Reality killed the electric car, taxpayers forced to resurrect it

In his latest piece, Wall Street Journal business columnist Holman Jenkins argues that today’s electric cars are “welfare wagons”–overpriced, underperforming novelty items that the rest of us will be subsidizing for upwards of $7,500 apiece. Of Nissan’s much-touted Leaf, he writes:

the Leaf is a car for a wealthy hobbyist, good for a trip of 100 miles after which it becomes an inert lump at the end of your driveway (or behind a tow truck) for the many hours it will take to recharge.

Read the whole thing.

For those inclined to believe that today’s electric cars are just going through the growing pains of any new technology, consider what a wise man told Henry Ford over 100 years ago, when electric cars were also considered the wave of the future.

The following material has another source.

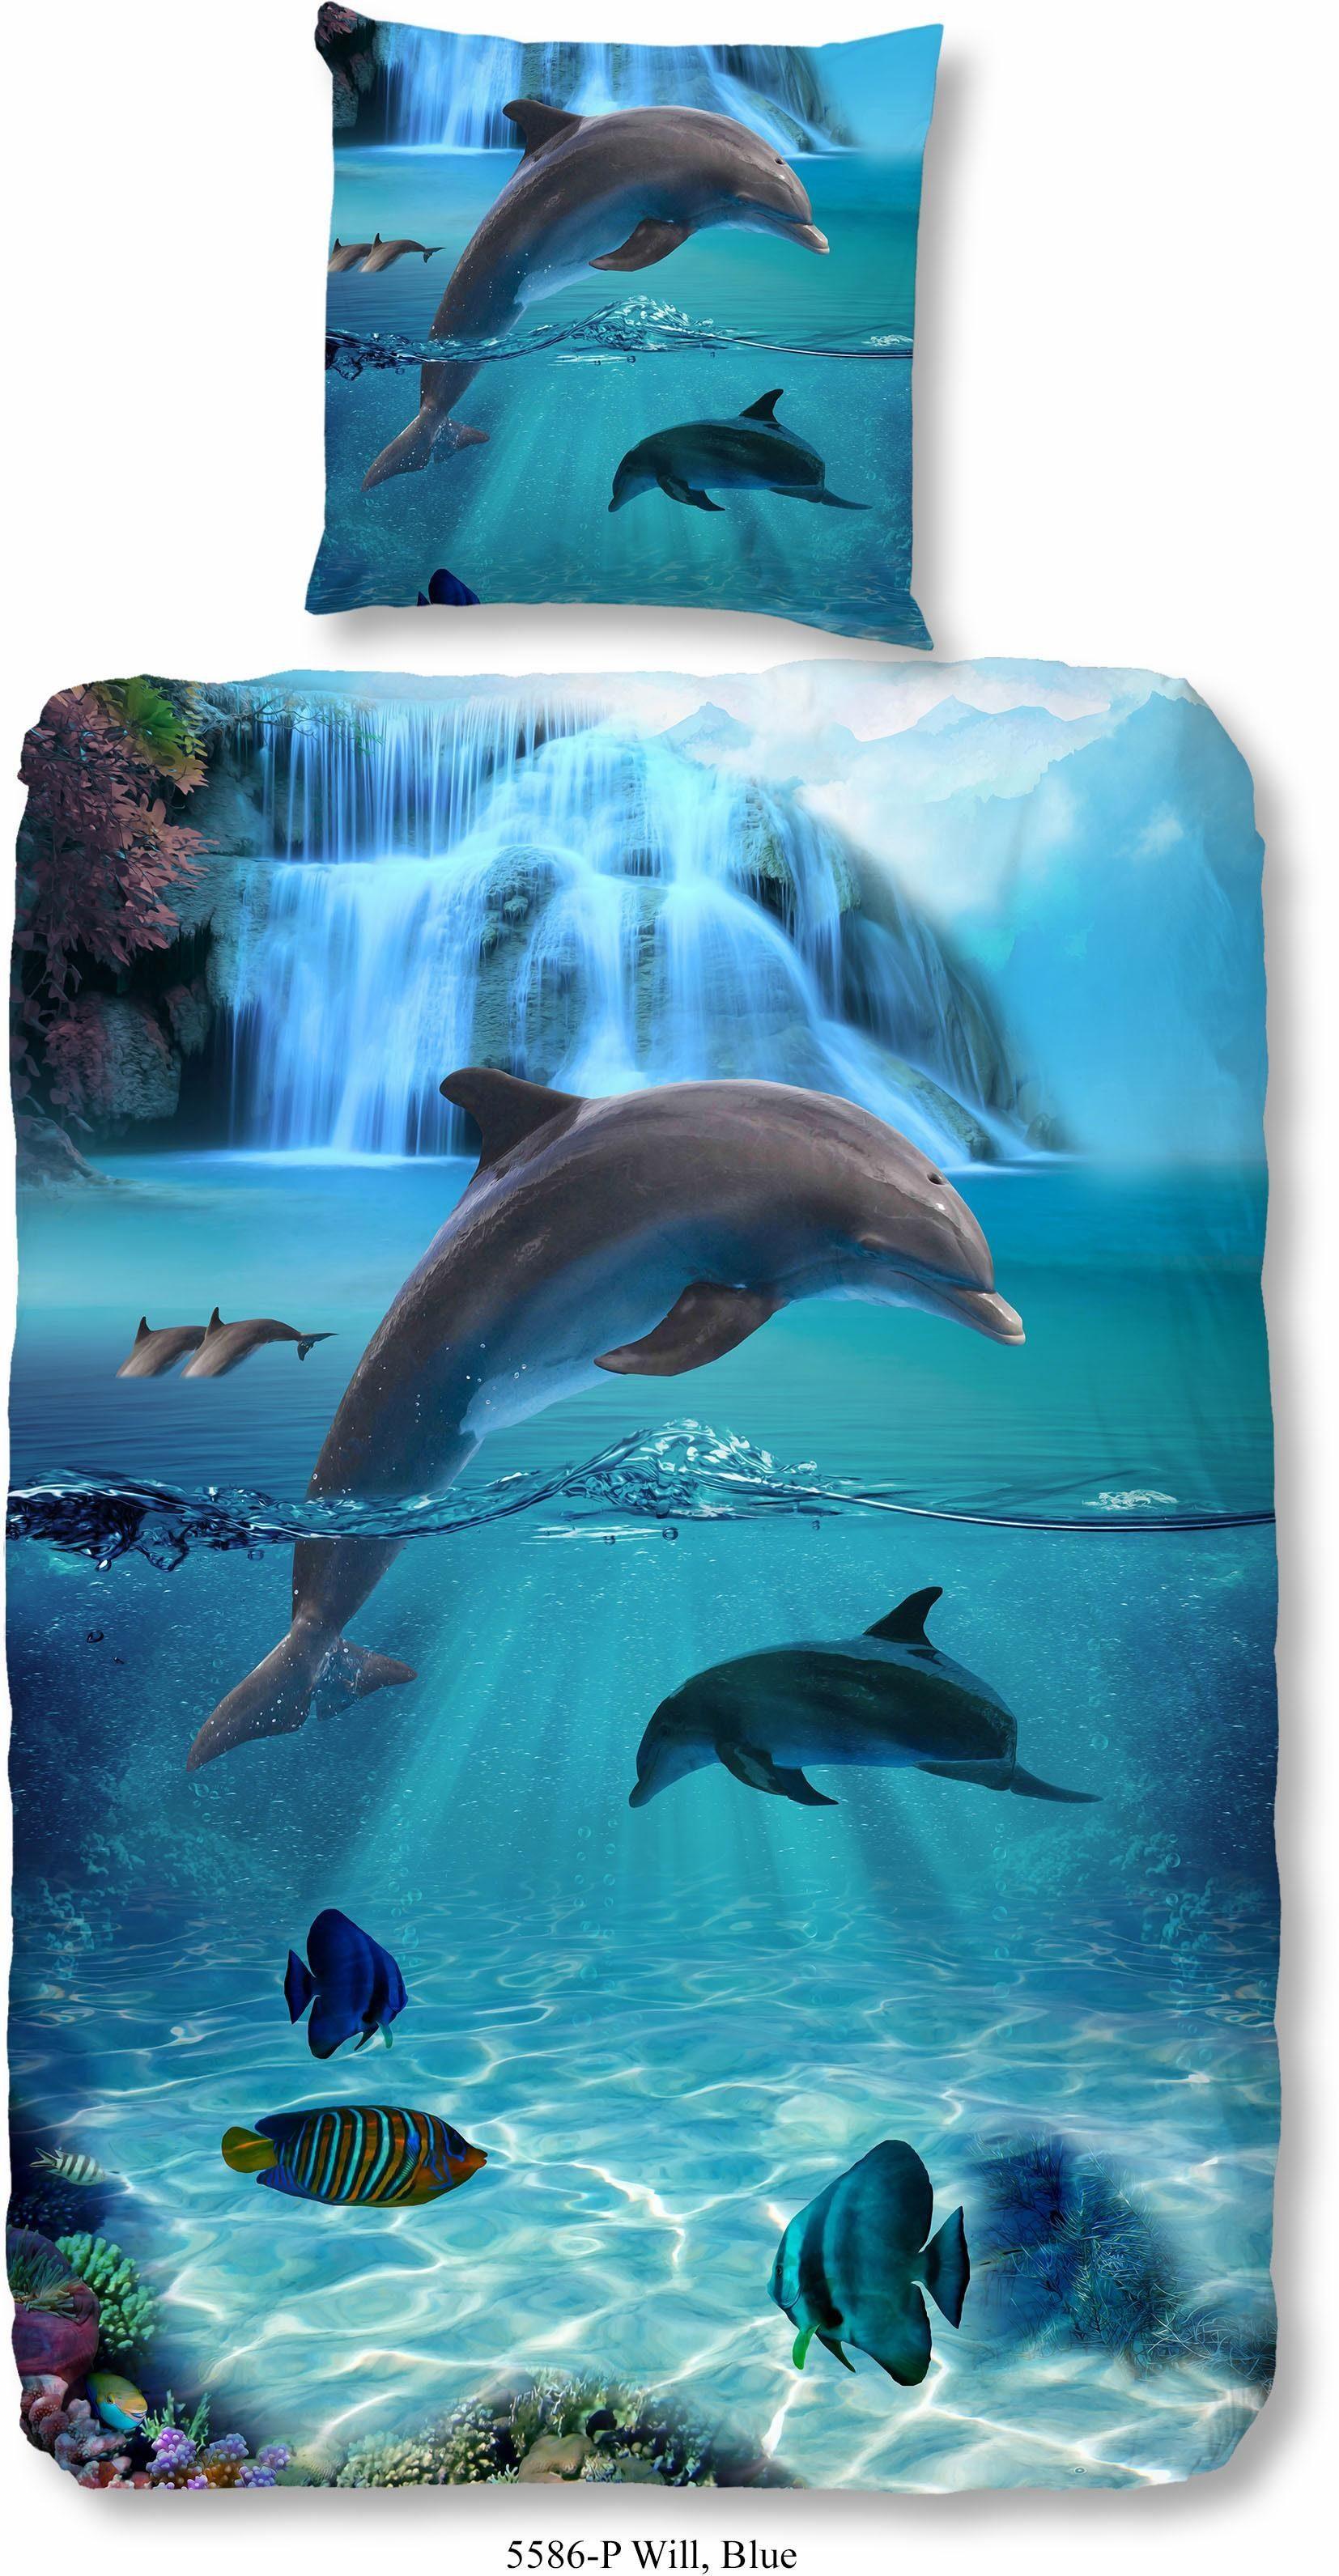 Kinderbettwäsche, Good Morning, »Flipper«, mit Delfinmotiv

Electric cars must keep near to power stations. The storage battery is too heavy…Your [gasoline] car is self-contained—carries its own power plant—no fire, no boiler, no smoke and no steam. You have the thing. Keep at it.

The wise man’s name? Thomas Edison.

Of course, we can’t and shouldn’t rule out the possibility that some brilliant company will overcome all the obstacles to practical electric cars–but that company must prove itself on the free market, not gorge itself on other people’s money.